In lieu of that, you could pay everyone a fixed cut based on presence in the training set, but that then gives you the Spotify problem of a fixed pot being shared millions of different ways. For example, Adobe recently announced they were building an AI drawing tool trained on exclusively licensed sources - specifically, Adobe Stock contributors[0]. They're used to being paid when someone buys their image, which means that they have incentives to produce broadly relevant stock photography. But with a fixed "AI pot" paying you, now you have an incentive to produce as much output as possible as cheaply as possible purely to get a larger part of the pot. This is bad both for the stock photo market[1] AND the AI being trained.

AI is extremely sensitive to bias in the dataset. Normally, when we talk about bias, we think about things like "oh if I type CEO into Midjourney all the output drawings are male"; but it goes a lot deeper. Gradient descent does not know how to recognize duplicate training set features, those features get more chances to adjust the model. Eventually that training example or image is common enough to make memorization 'worth it' in terms of parameters used[2].

Ironically that sort of thing would actually make attribution and profit-sharing 'easier', at the expense of the model being far less capable.

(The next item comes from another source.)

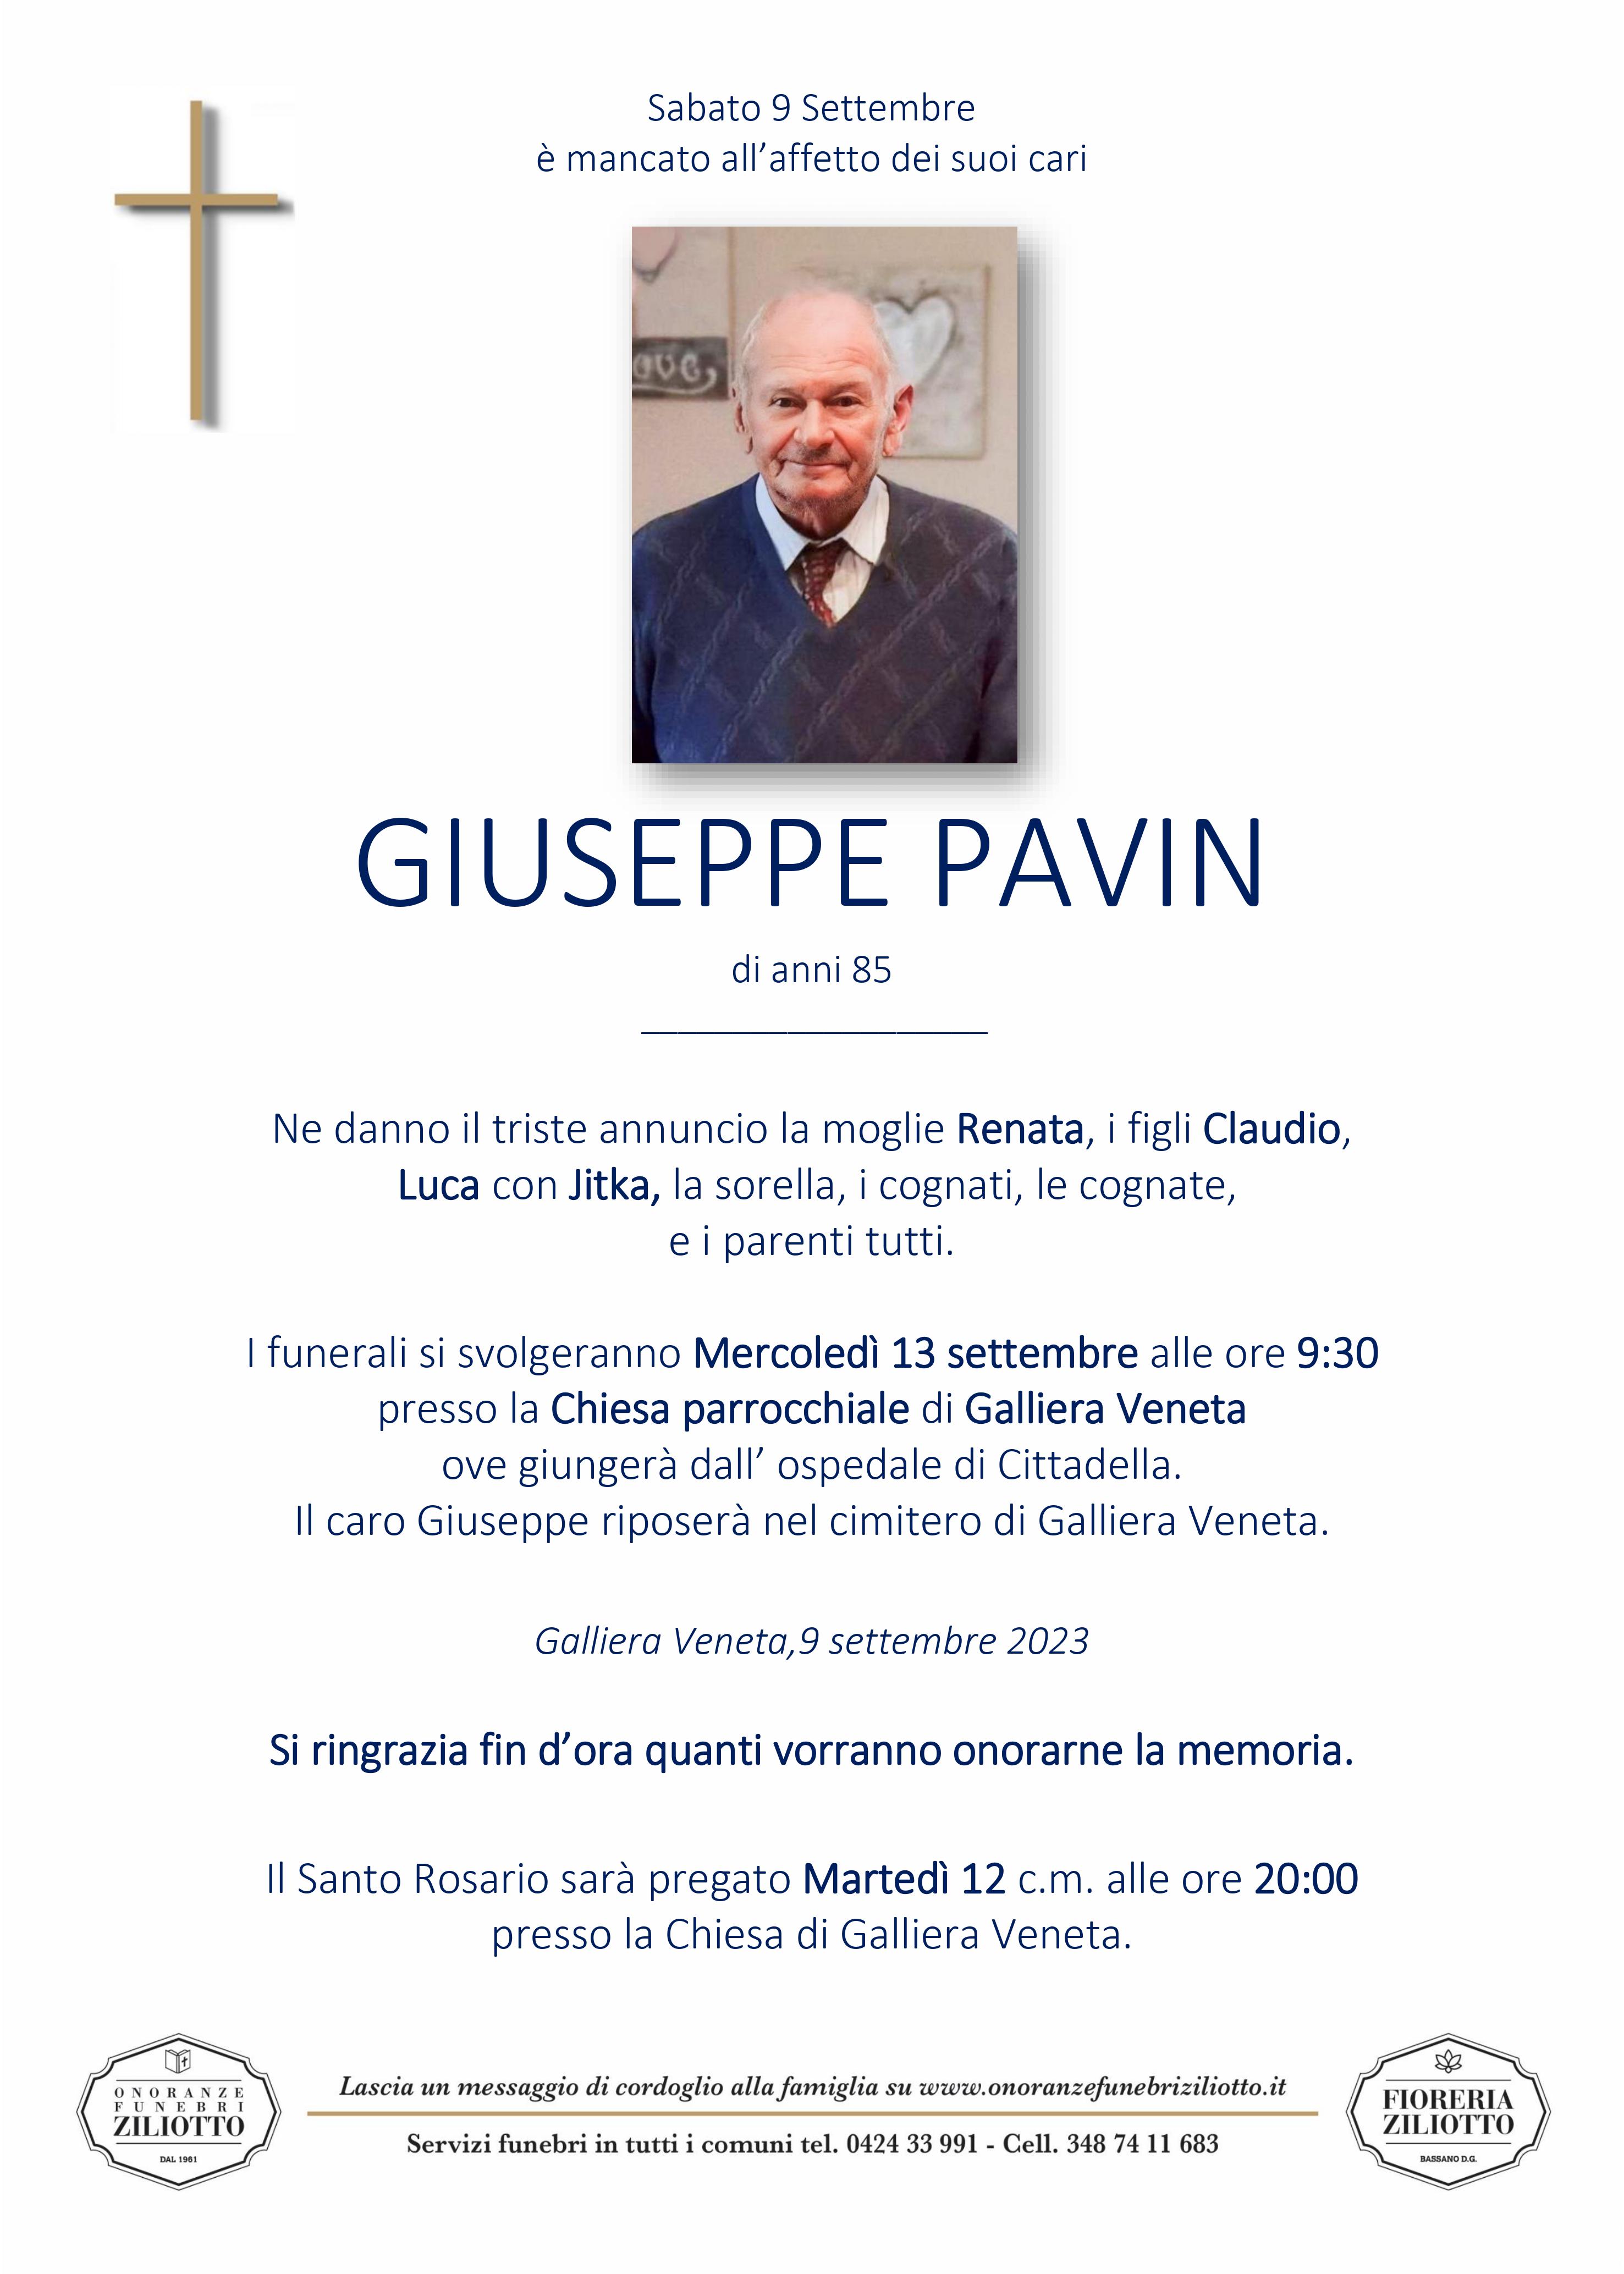 Giuseppe Pavin - 85 anni - Galliera Veneta
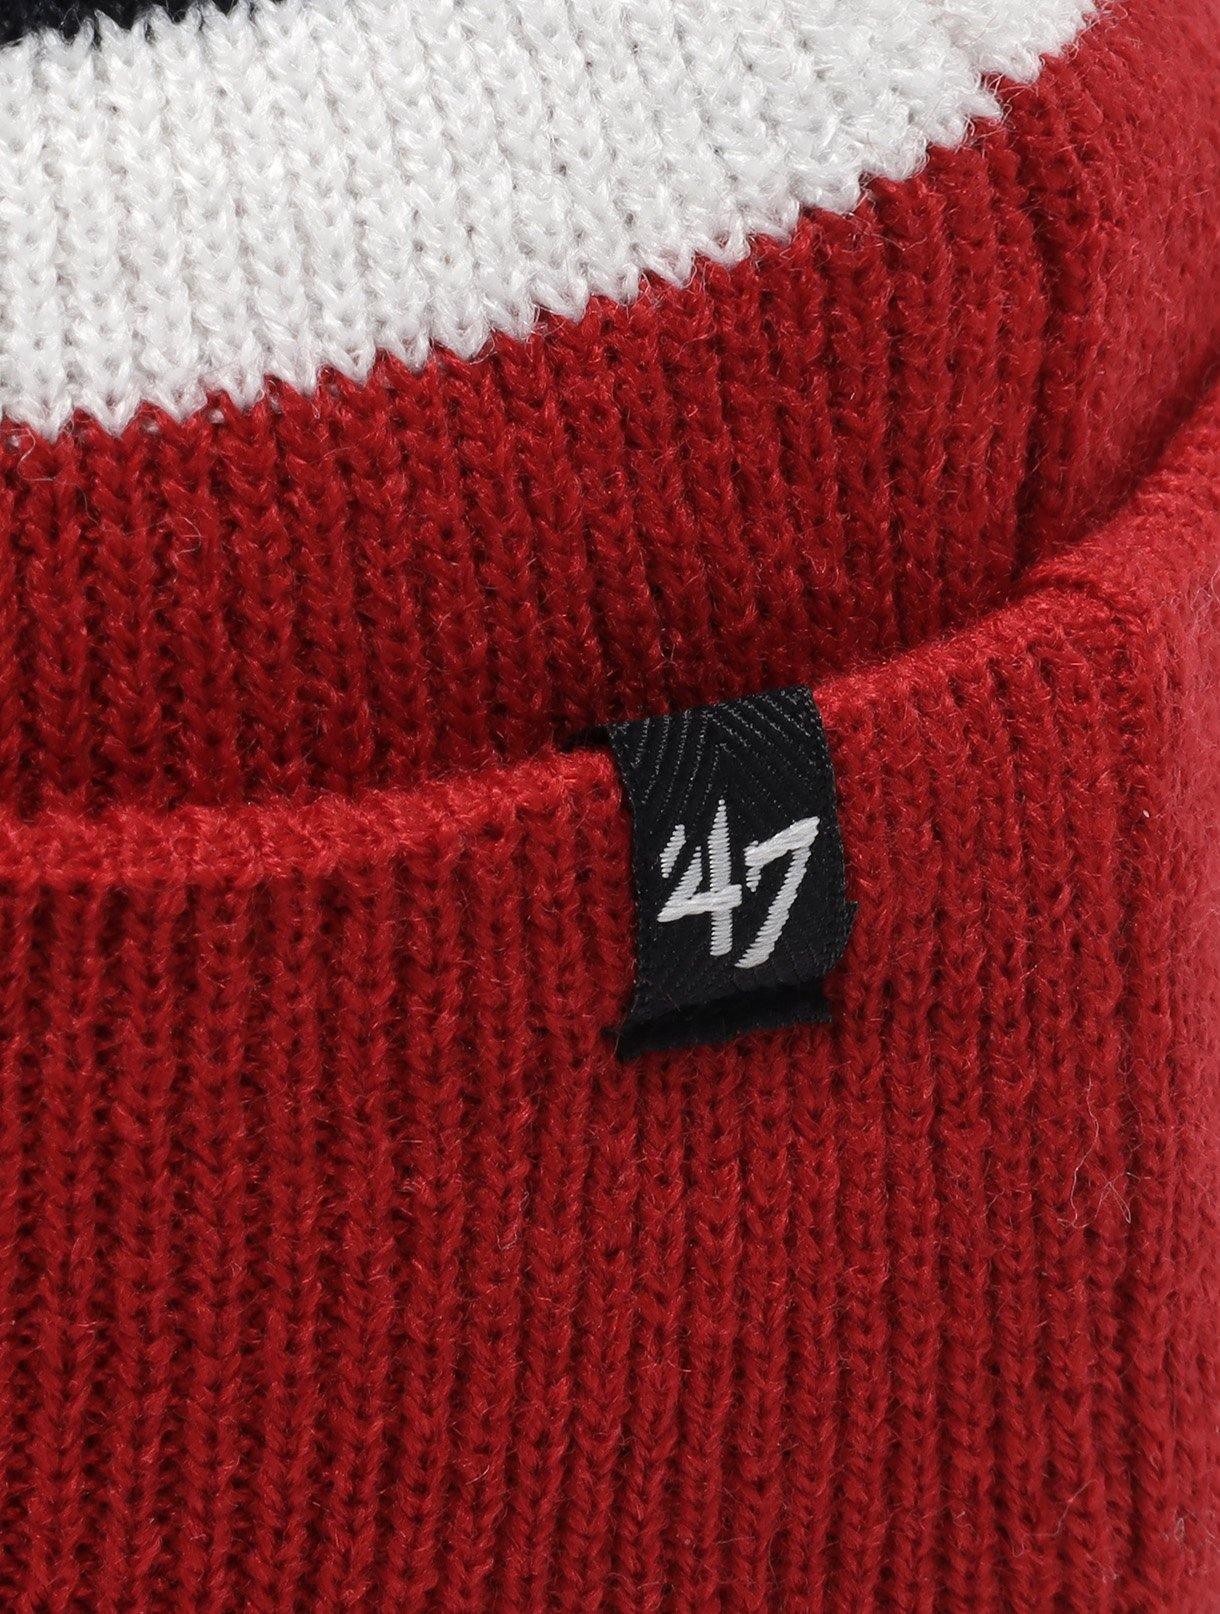 Brand 47 Boston Red Sox Breakaway Cuff Knit Pom Beanie - Challenger Streetwear

[0] Who, BTW, I don't think actually have the ability to opt-in to this? Like, as far as I'm aware this is being done through the medium of contractual roofies being dropped into stock photographers' drinks.

[1] Expect more duplicates and spam

[2] This is why early Craiyon would give you existing imagery when you asked for specific famous examples and why Stable Diffusion draws the Getty Images watermark on things that look like a stock photo of a newsworthy event.




> you need a clear value chain from licensed training data to each output, through the magical linear algebra data blender that is gradient descent. Nobody knows if your training example helped

The magical linear algebra data blender that is gradient descent boils down to small additive modifications to the model parameters. We already know how to compute the effects of small additive modifications to the model parameters on the output: that's what the gradient is.

So if you want to know how much each training sample contributed to the output, just compute the dot product between the two gradients.

Actually doing that for a billion-parameter model would be slightly expensive because the gradients are also billion-dimensional, so you'd need to approximate the dot product via dimensionality reduction and use a vector database to filter for training samples with high approximated dot product.

But I think those layers of approximations would still be better than throwing your hands up in the air and claiming you have no way to know because linear algebra is magic.


AI could be used to decide if a source should be included or not (or the benefit to the model could be the qualifier). That would solve your problem of people just peddling spam.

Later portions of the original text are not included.